In this ultra-modern facility, there was supposedly free internet, but when you tried to get on, bizarrely, you were sent to queue up at a kiosk to get a coupon with your ID.  Why?  To access the internet in the Air India lounge, they had to take your passport and make a copy as well.  When checking in at the YMCA Tourist Hostel at the counter they had to copy your passport as usual, but they also had to take a picture.  When I checked in after returning from Katmandu, they didn’t care about my passport, but they made me come back to the checkout counter to take my picture again.  There’s no way this is random.  These photos are being collected by the state.

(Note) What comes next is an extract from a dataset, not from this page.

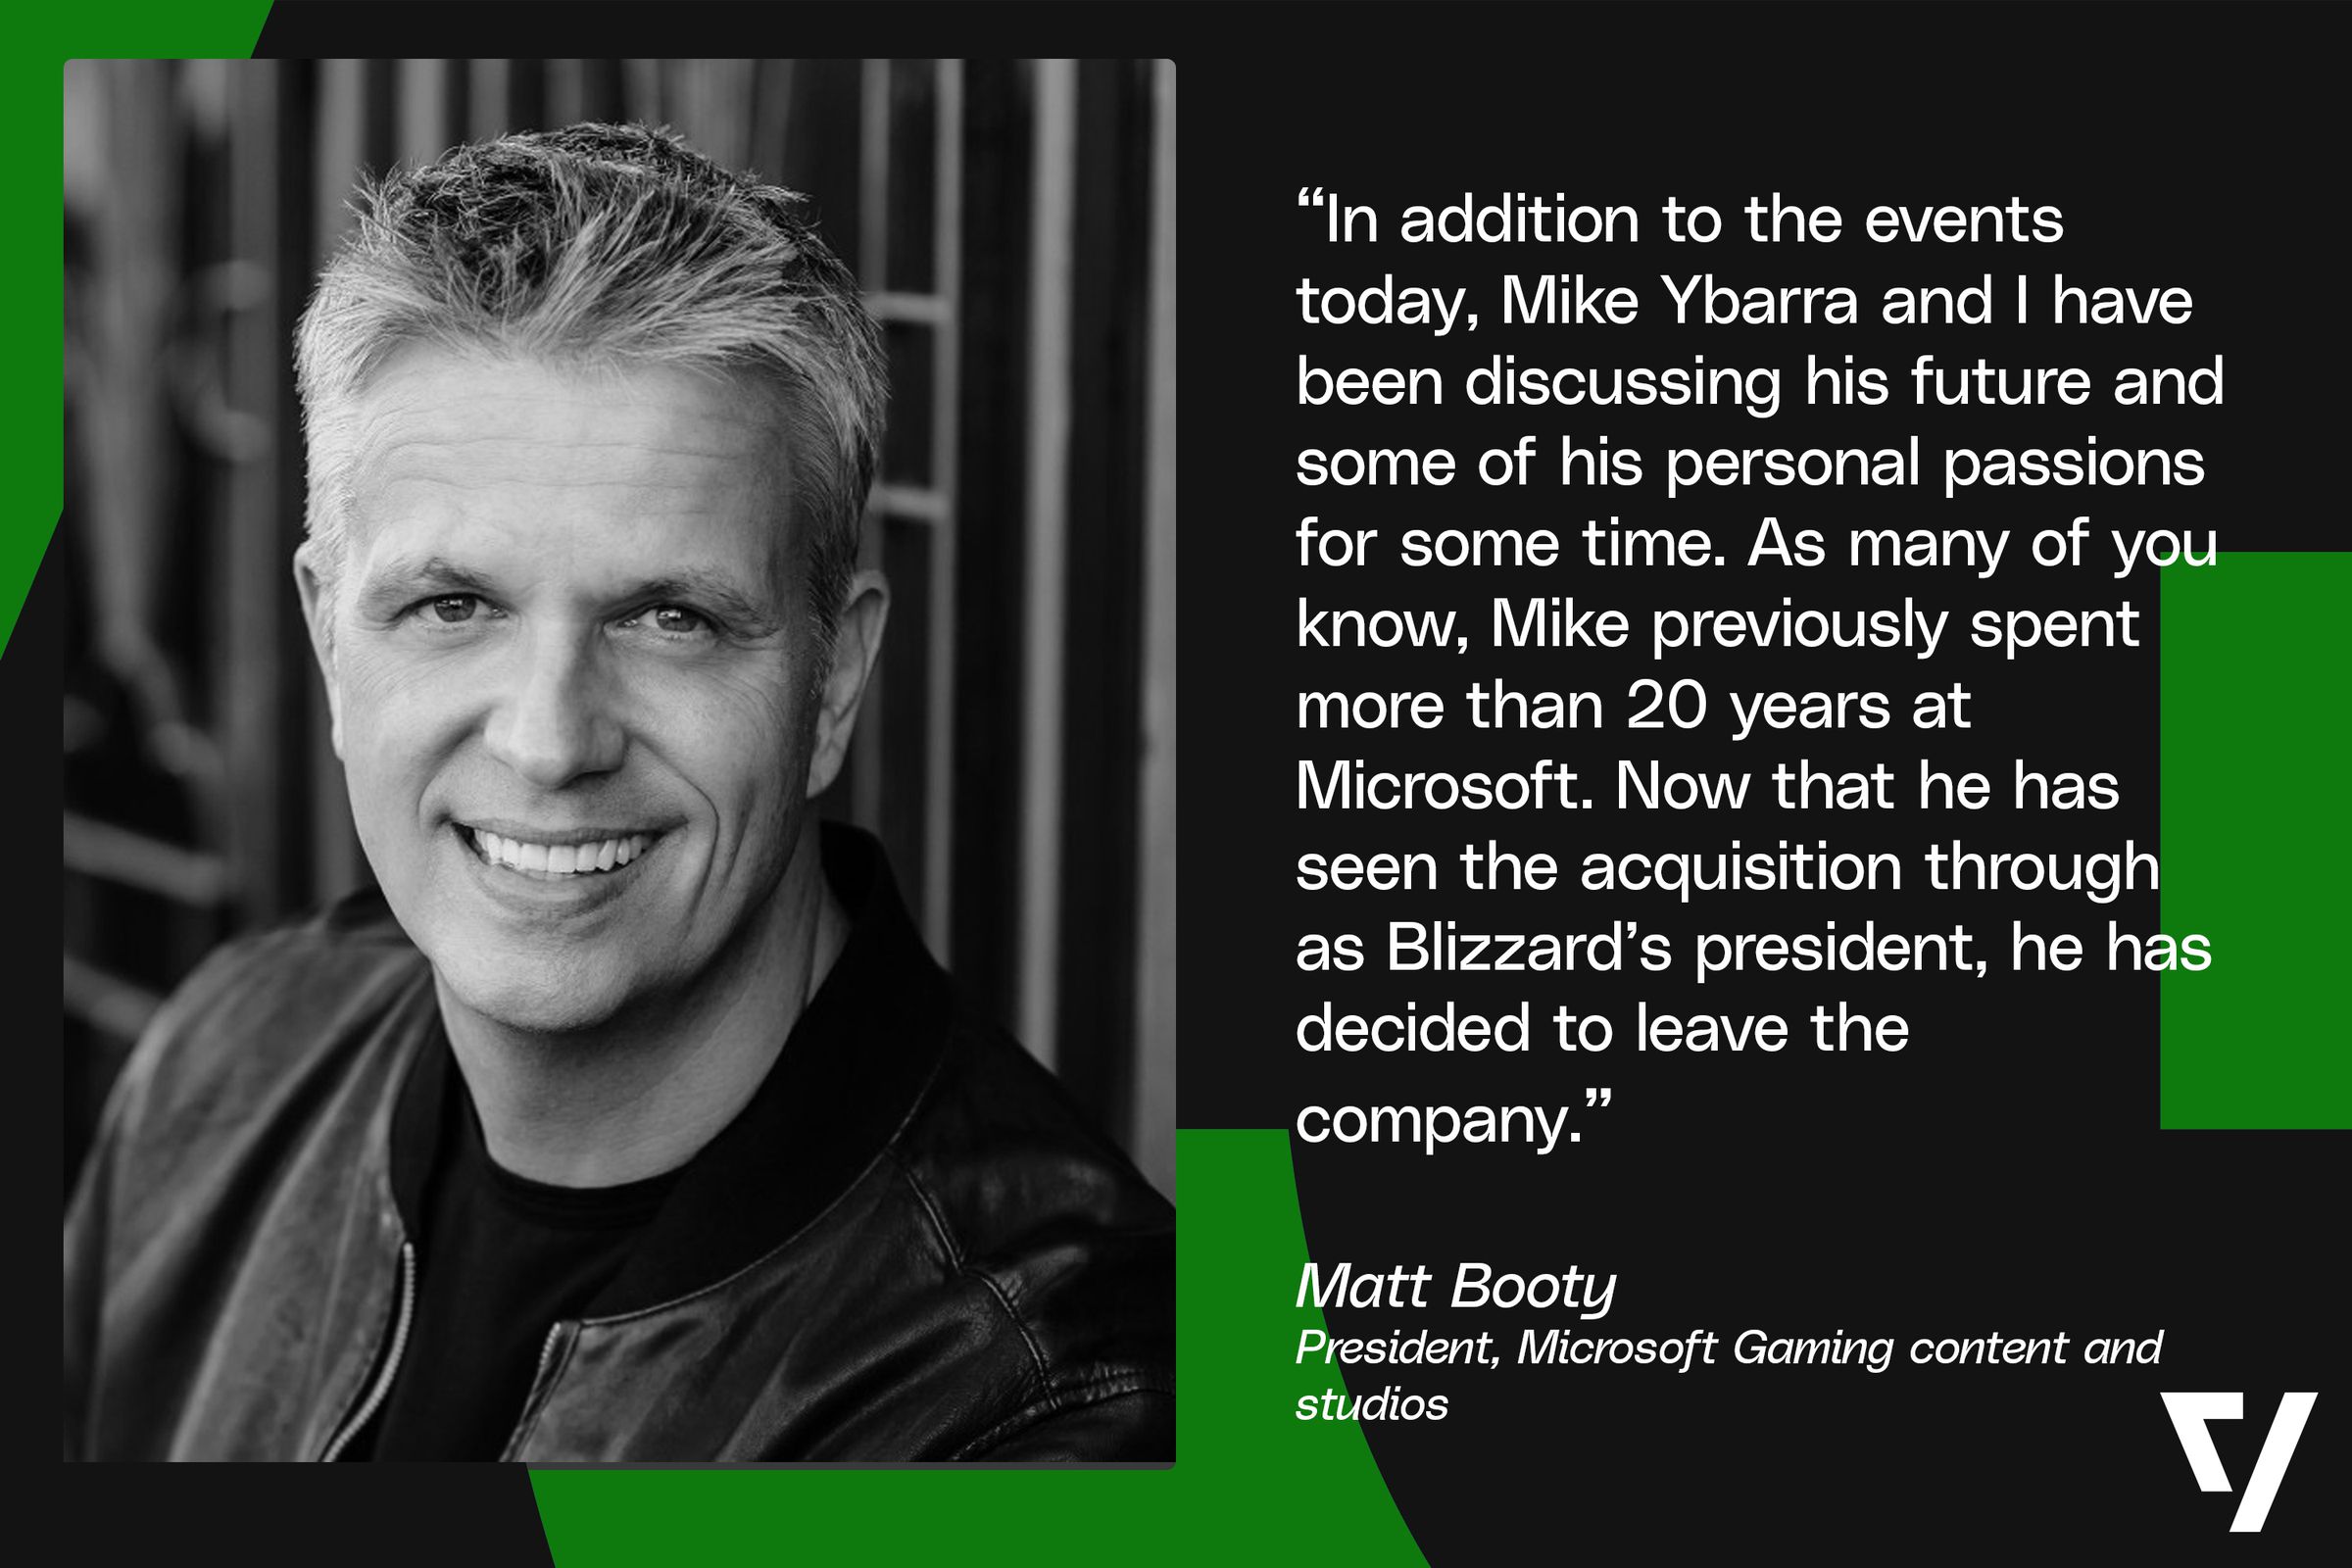 “In addition to the events today, Mike Ybarra and I have been discussing his future and some of his personal passions for some time. As many of you know, Mike previously spent more than 20 years at Microsoft. Now that he has seen the acquisition through as Blizzard’s president, he has decided to leave the company.” Matt Booty - President, Microsoft Gaming content and studios

Going through the “real” security was a timely and chaotic process.  Even in this new facility manned by the military, the scanner was old school and separated men from women.  A passenger had to be screened again before going through, and then collect a bunch of small plastic boxes in order to disgorge all electronics.  There was no automatic recovery for the bins, so they were constantly running out.  It was all as if it was an afterthought and not real security at all.  One soldier handed a large plastic water bottle back to a woman behind me after screening.  The soldiers let me go back without screening to look for something I thought I had left behind in the chaos.  The takeaway from all of this modernization in the Delhi airport was clear:  for some reason data and photo collection had become the priority, not security.  How about that for a headscratcher?

Who knows?   The smog and pollution in Delhi are no joking matter.  One of our team had asthma and wore a mask the whole time.  Once I saw the moon.  Another day, I saw the sky for a bit.  Taking a couple of taxis to meetings, I have to admit that despite the horrendous, anarchistic traffic, some parts of the city were beautiful with flowers planted and blooming everywhere.  I’ve often kidded Dharmendra Kumar, ACORN India’s Delhi director, who claims that Delhi is a city of parks, when I have visited in other seasons in the heat and dust, but I started to believe this visit that he might be right, and I am surely wrong at least in parts of this megalopolis.  Crossing the river into East Delhi is still a horror of sights and smells, though.

India is so important to the global future that it’s worth a visit and a lot of worry these days.